Specific Investment Recommendations
Hatfield elaborated on InfraCap’s specific offerings and convictions within these asset classes. He strongly recommended preferred stocks, particularly for clients lacking exposure. He noted that many preferreds are trading at a discount to their par value, offering potential equity-like returns upon redemption while providing substantial dividends in the interim. InfraCap’s flagship preferred stock fund, PFFA, boasts a yield well over 9% and trades at a discount to its call price, presenting an opportunity for capital appreciation. The fund emphasizes cumulative preferreds and actively manages credit risk, aiming for default rates comparable to investment-grade bonds.

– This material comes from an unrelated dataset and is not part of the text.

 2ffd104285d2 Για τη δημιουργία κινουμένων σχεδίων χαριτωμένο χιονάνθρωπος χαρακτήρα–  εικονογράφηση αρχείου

Regarding MLPs, Hatfield addressed past investor concerns stemming from high leverage and volatile energy prices. He assured that modern MLPs have corrected these issues, offering well-covered dividends and reduced leverage. His firm’s corporate MLP fund avoids the K-1 tax complexities associated with direct MLP investments, offering capital gains treatment instead. With energy prices expected to remain robust, MLPs present a compelling income and total return opportunity.
Q&A and Future Outlook
During the Q&A session, Hatfield reiterated his views on the yield curve, expecting it to remain inverted for approximately two years due to the Fed’s rearview-mirror approach to monetary policy. However, he anticipates the 10-year Treasury yield settling around 3-3.25% due to global demand from aging populations and pension funds, as well as modest global economic growth.
On the financial sector, he expressed a positive outlook, particularly for regional banks benefiting from the yield curve inversion, which expands their net interest margins. He dismissed fears of widespread loan write-offs, attributing this to an overestimation of potential unemployment.

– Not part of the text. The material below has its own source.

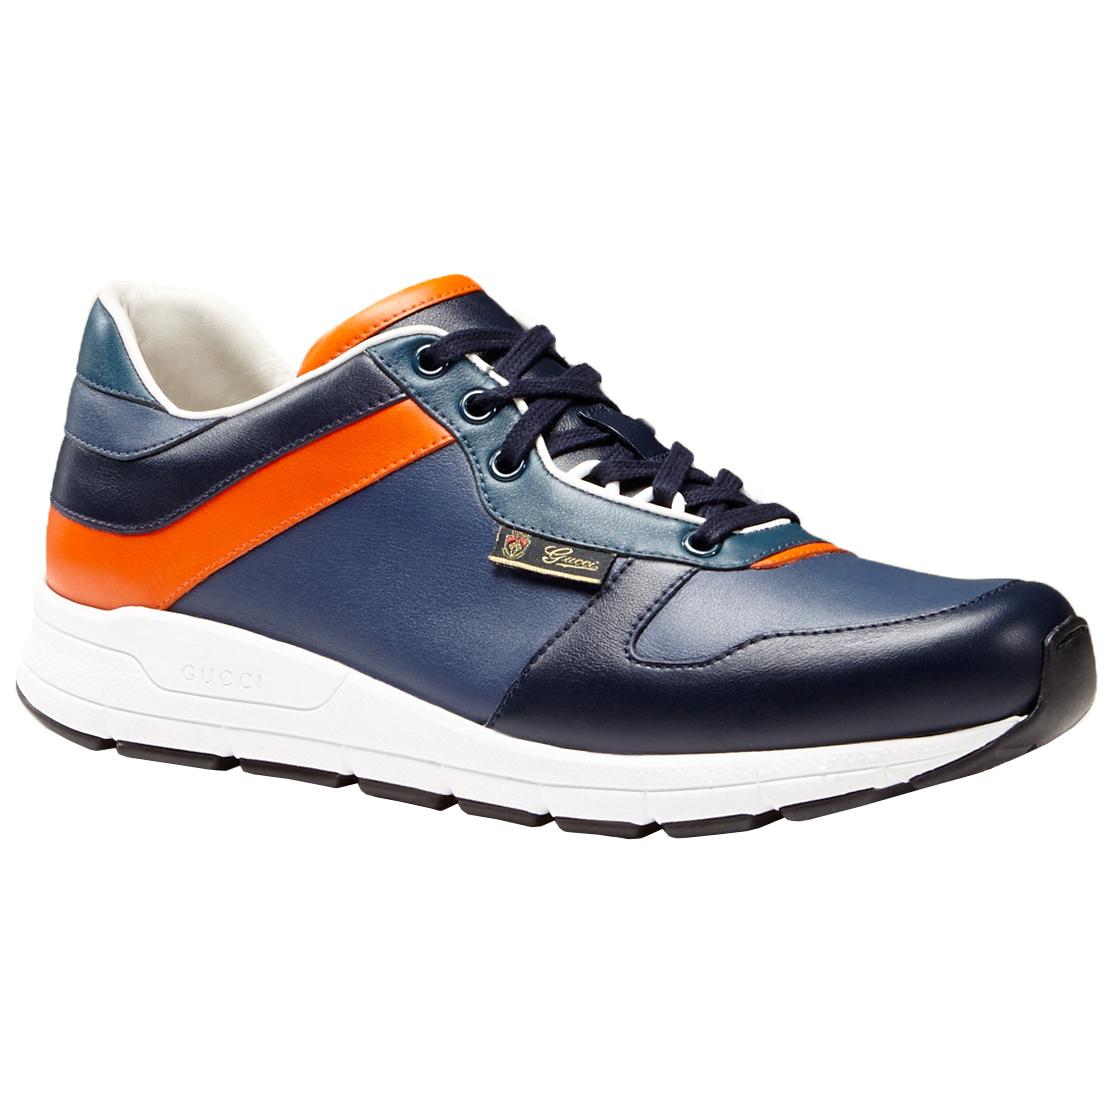 01509450c17 Gucci Men s Multicolor Leather Lace Up Low Top Sneakers Shoes

Addressing the distinction between yield metrics, Hatfield explained SEC yield as a standardized, expense-adjusted estimate, contrasting it with the distribution yield, which represents the actual payout. He stressed the importance of funds having an SEC yield that adequately covers their distribution to avoid return of capital.
In response to a question about publicly traded funds versus private market valuations, Hatfield acknowledged that private markets often exhibit higher valuations, potentially due to less liquid and more subjective marking practices. He noted that publicly traded alternatives, accessible via ETFs and closed-end funds, can offer attractive opportunities, especially when trading at discounts.

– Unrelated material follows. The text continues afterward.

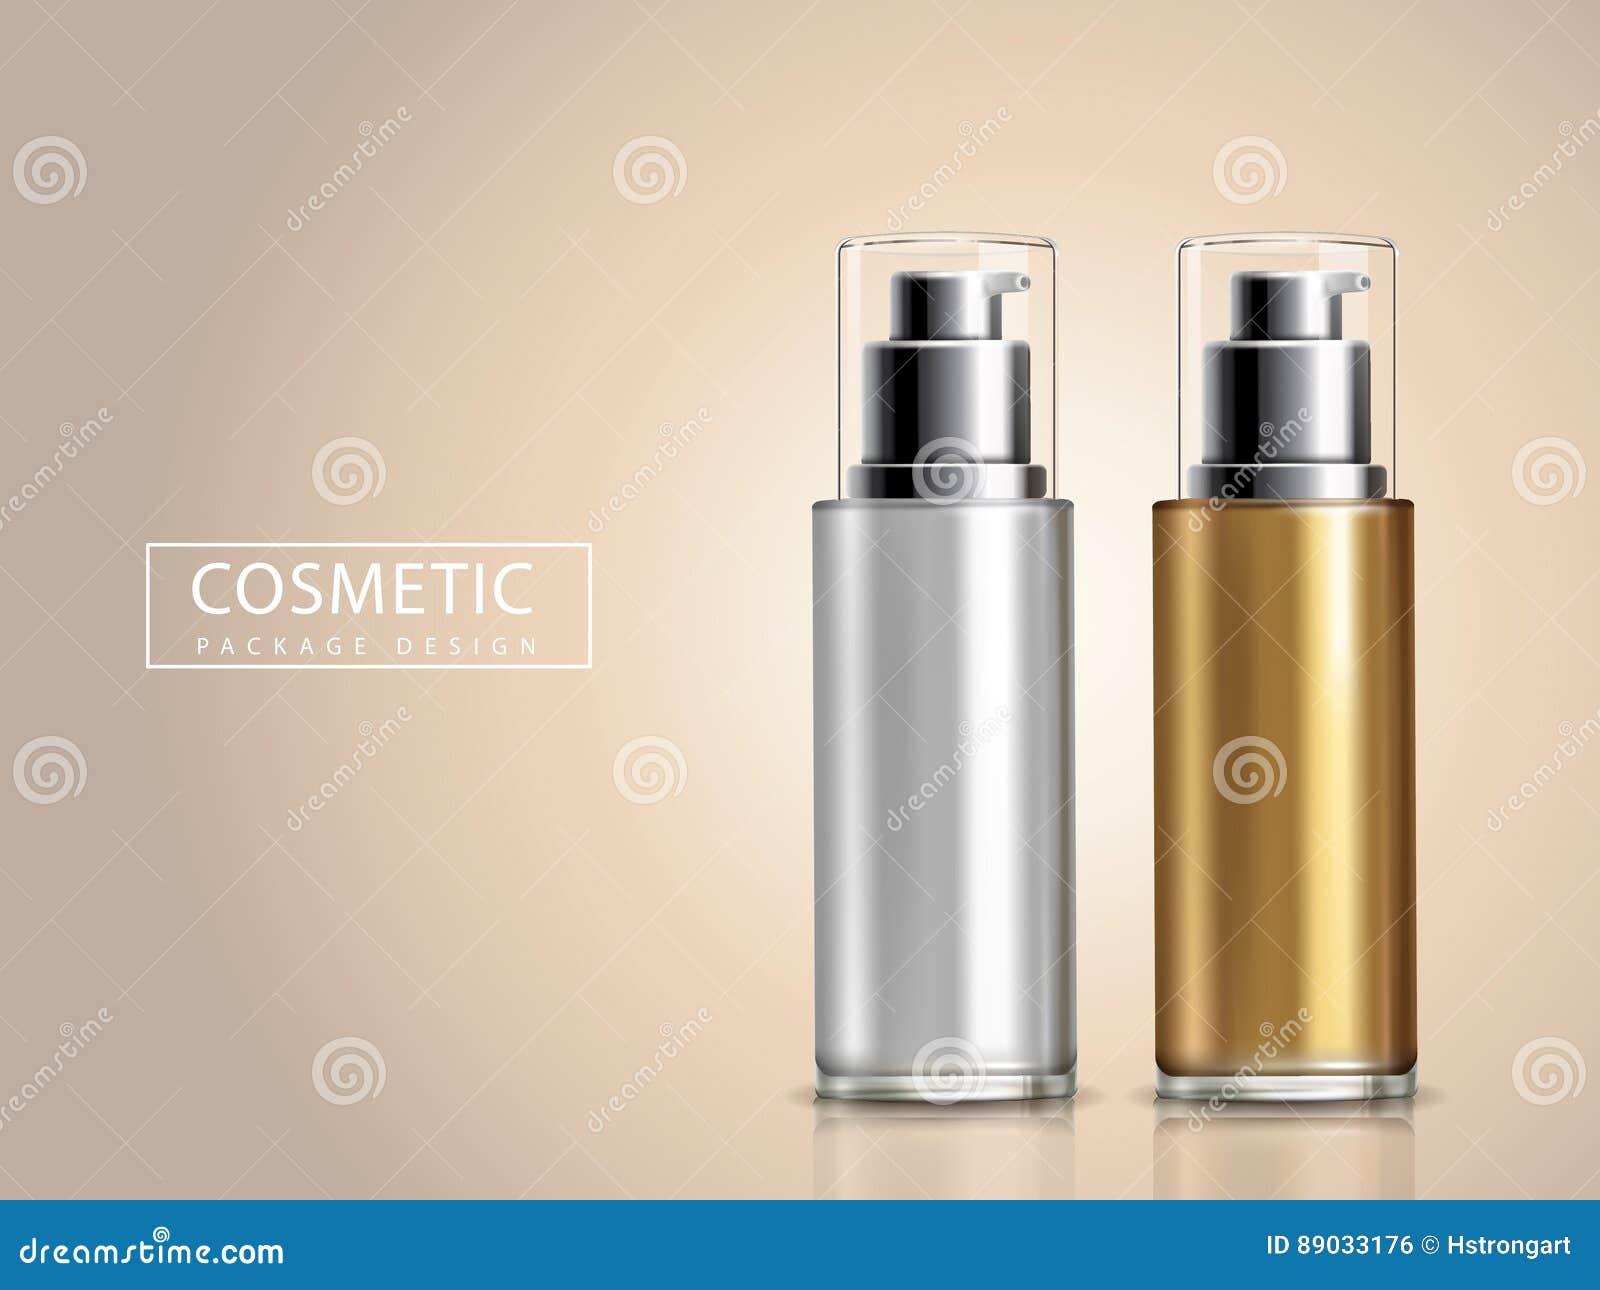 Bicolor cosmetic bottles

Finally, when asked about the merits of short-term Treasuries and CDs for yield, Hatfield acknowledged their safety but argued that they forgo the opportunity for higher, more sustainable returns offered by assets like preferred stocks and MLPs, especially considering the potential for declining short-term rates.
The webinar concluded with a strong emphasis on the enduring importance of income investing, particularly in navigating uncertain economic times. InfraCap’s insights provided financial advisors with a framework for constructing diversified portfolios that can generate consistent income while potentially capturing capital appreciation, even amidst evolving macroeconomic conditions.